If the Freeh report were a ship, it would be sitting at the bottom of the ocean.
The “top secret” investigation has more leaks than the Titanic.
We’re told the results of the probe by a team led by former FBI director
Louis Freeh will be
released in the coming weeks, perhaps in time for a Penn State board of trustees meeting Friday in Scranton. But some figured, why wait?
The Freeh group, at the behest of the trustees, interviewed numerous individuals in and around the university concerning the child sex abuse charges against former assistant football coach Jerry Sandusky, now convicted, and the reactions of top administrators.
Athletics director Tim Curley and former vice president for finance Gary Schultz face failure-to-disclose and perjury charges in connection with the Sandusky scandal. They are accused of lying to a grand jury about what they knew and did.
The Freeh report is expected to show a culture of centralized control that allowed for a cover-up of allegations against Sandusky in 2001 and the positioning of the football program outside Penn State’s disciplinary system.
But if there are any bombshells left to be made public, they must be real doozies.
This investigation has been anything but water tight.
Thanks to a series of leaks, we’ve already learned ...
•That a trail of emails links Curley, Schultz and former President Graham Spanier in an apparent attempt to hide allegations that Jerry Sandusky abused a young boy in a campus shower in 2001 (NBC, early June). Spanier has sued the university in a bid to obtain copies of that communication.
•That additional emails suggest that a discussion that included the late Joe Paterno led to a decision not to contact police or child welfare agencies about Sandusky and that 2001 incident, as described by prosecution witness Mike McQueary during the Sandusky trial (CNN, June 29).
•That even more emails support the notion that Paterno often handled discipline of players and other potential problems, duties that should have fallen to campus police or Penn State’s office of judicial affairs (Chronicle of Higher Education, Thursday).
Leaks have long been key tools for reporters trying to get the edge on a big story.
Indeed, investigative journalism is often more about relationships than shoe leather, about getting close to someone who knows what happened and whose lips are a bit loose.
In the early 1970s, The Washington Post’s Carl Bernstein and Bob Woodward broke the Watergate story largely on the basis of Wood-ward’s relationship with FBI associate director Mark Felt.
Known then only as “Deep Throat” because he supplied information on deep background, Felt helped the reporters uncover a government scandal and bring down the Nixon administration.
The practice has taken on new meaning in the digital age, personified by the controversial website WikiLeaks, which publishes private and classified documents obtained from anonymous sources.
The notion of “leaks” became a political football earlier this year, when Republicans accused the Obama administration of slipping information to The New York Times for the purpose of positive publicity, at the alleged risk of national security.
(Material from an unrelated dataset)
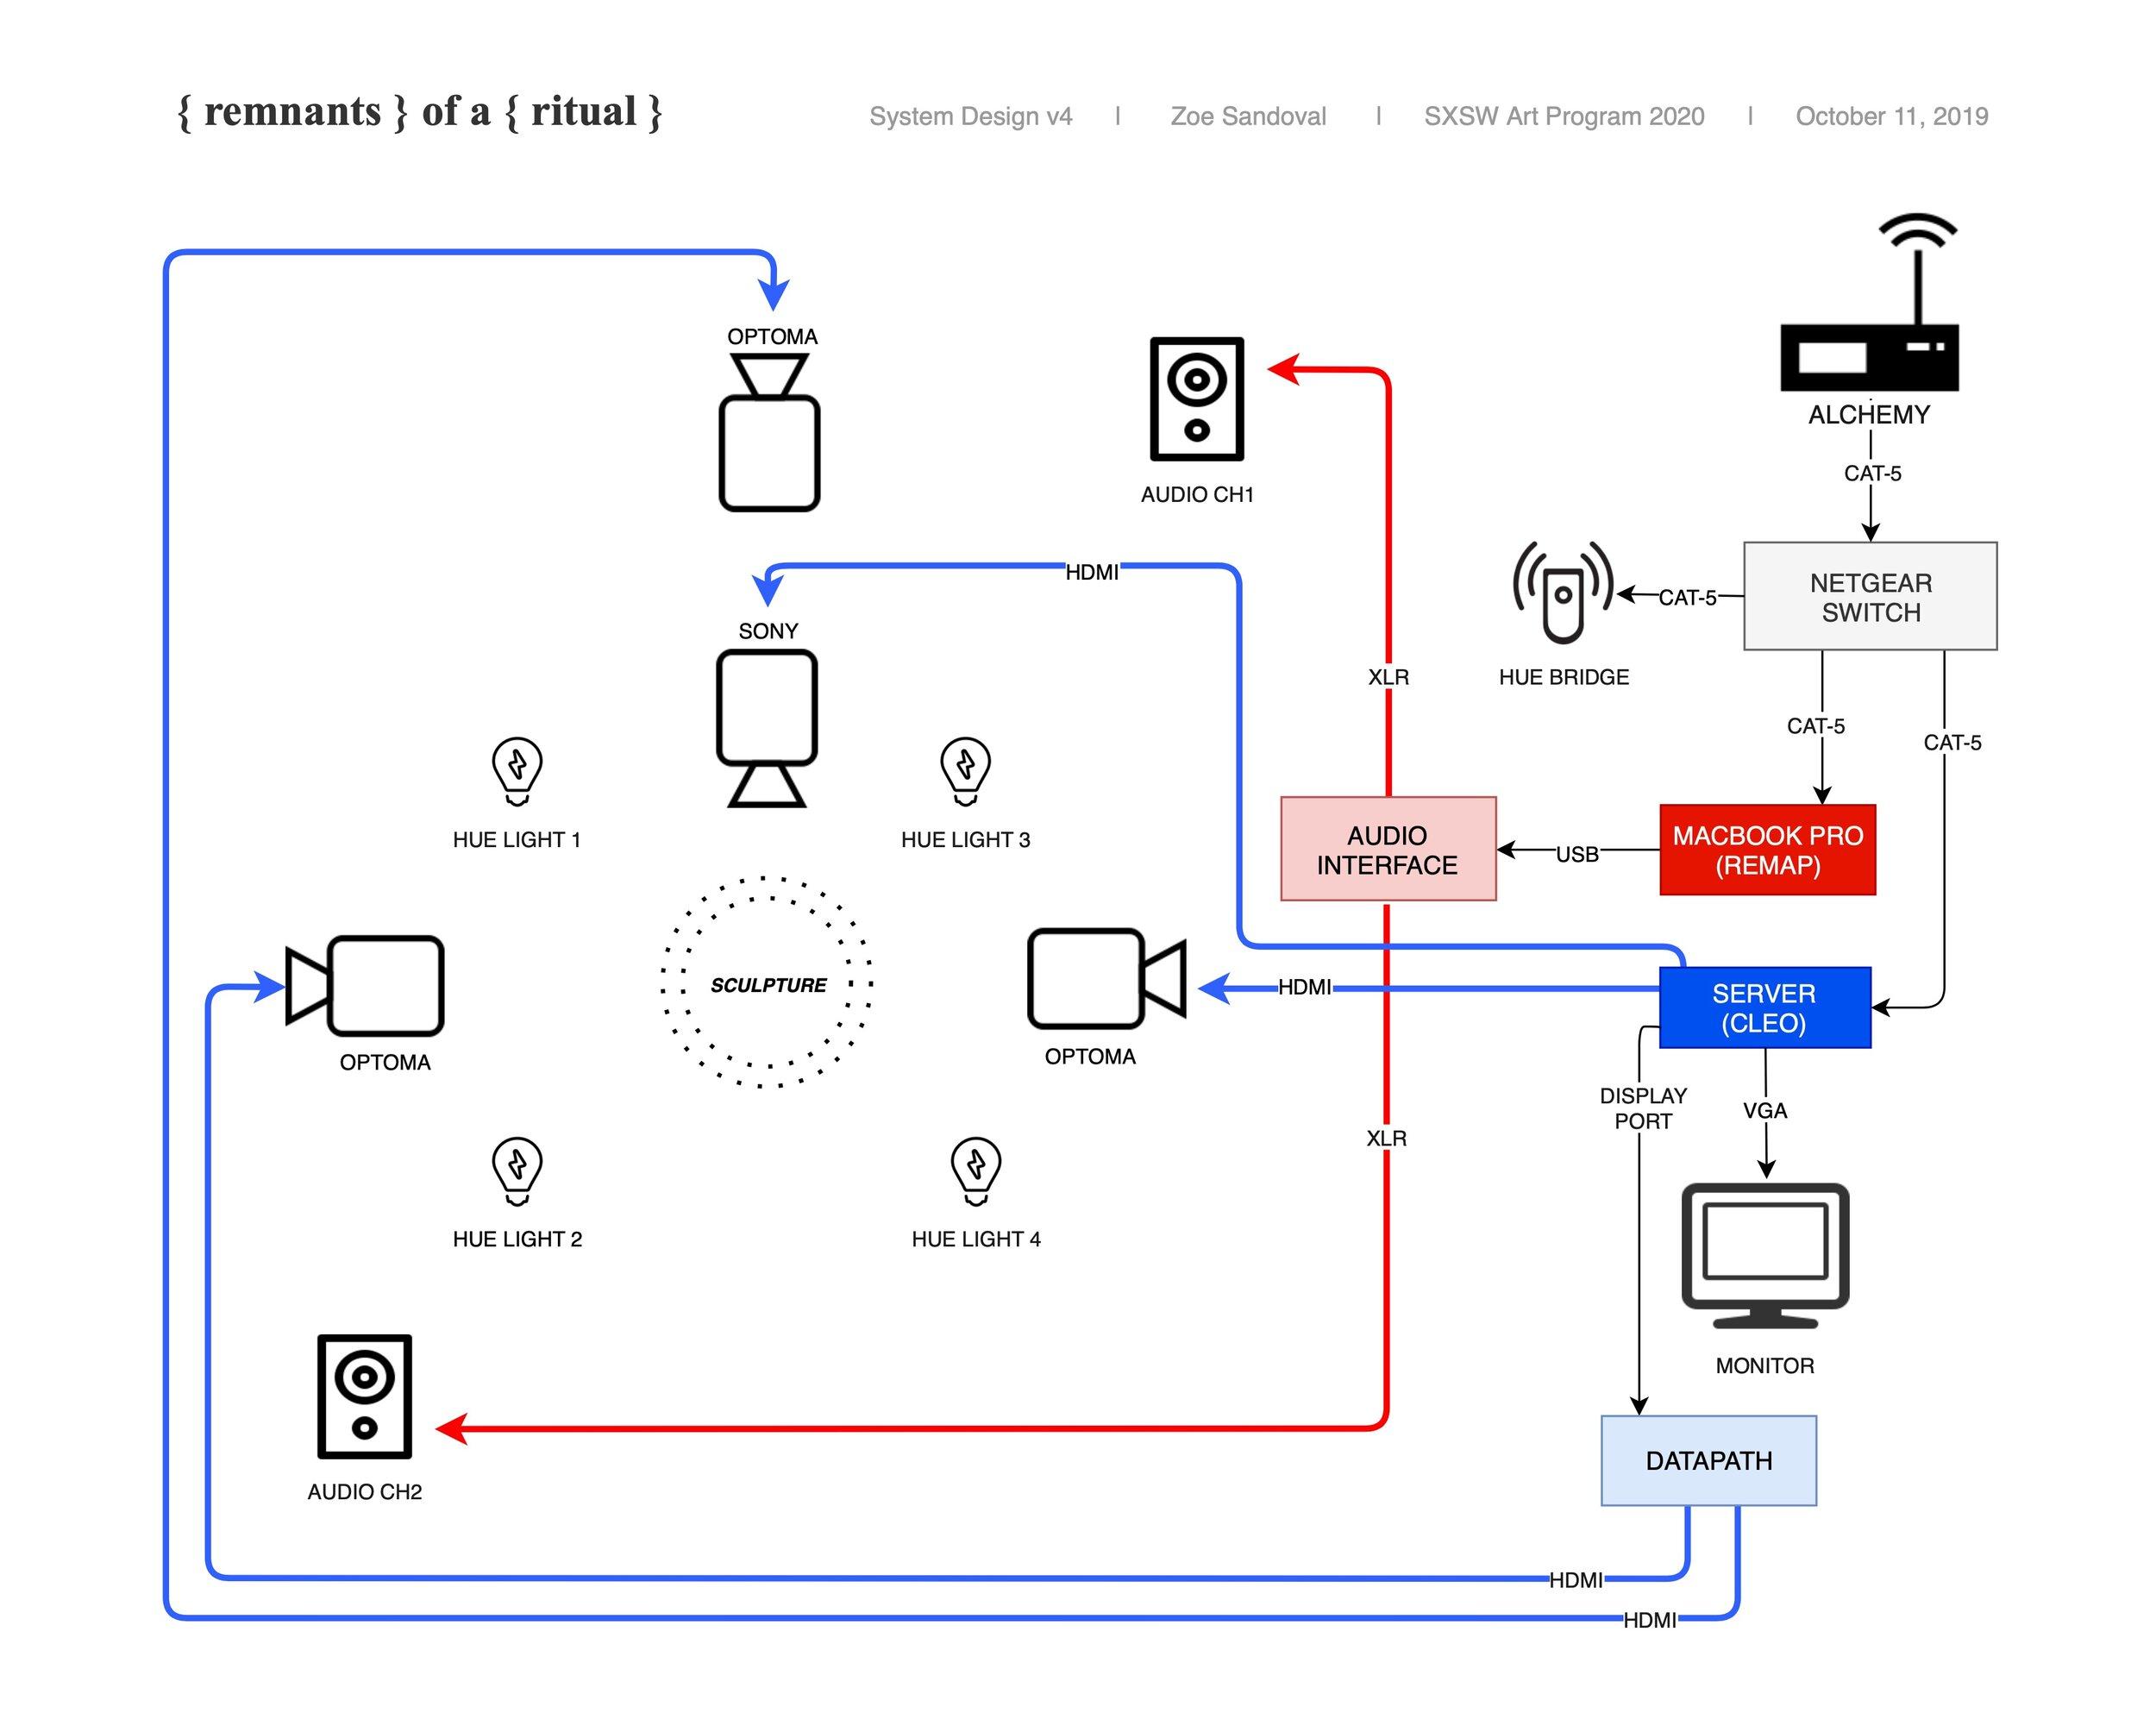 SXSW Art Program 2020 - System Diagram.jpg

And sometimes leaks become gushers.
In the days after the Sandusky verdict, Judge John Cleland issued an order that attorneys could no longer leak information to the media. This came after NBC played a tape it had “obtained” of a police interview with Sandusky’s adopted son, who said he had been molested.
Of course, the judge’s edict didn’t stop others from tipping off their favorite news outlets about aspects of the investigation. The leaks kept flowing — prompting Paterno’s family to cry foul and ask that all San-dusky- related emails be released to the public.
Any reporter accepting leaked information must question the motives of the source. What does this person or office stand to gain by giving me this juicy scoop? Am I being used (of course) and what is my level of risk?
Those doing the leaking have the power to turn an unknown scribe into a star by slipping him or her the hot tip or providing an inside look.
And let’s be honest. It’s what every journalist craves.
Some in the media have decried the proliferation of leaks during and since the Sandusky trial.
That’s beyond hypocritical and smacks of jealousy, not ethical indignation.
If someone at the Attorney General’s Office, a source inside Penn State or even Louis Freeh himself wants to pull aside the curtain and let me step inside, I’m ready. (Hint: My contact information is all over this page.)
Barring such a development, I’ll be waiting to see what’s left of this sieve called the Freeh report just like everybody else.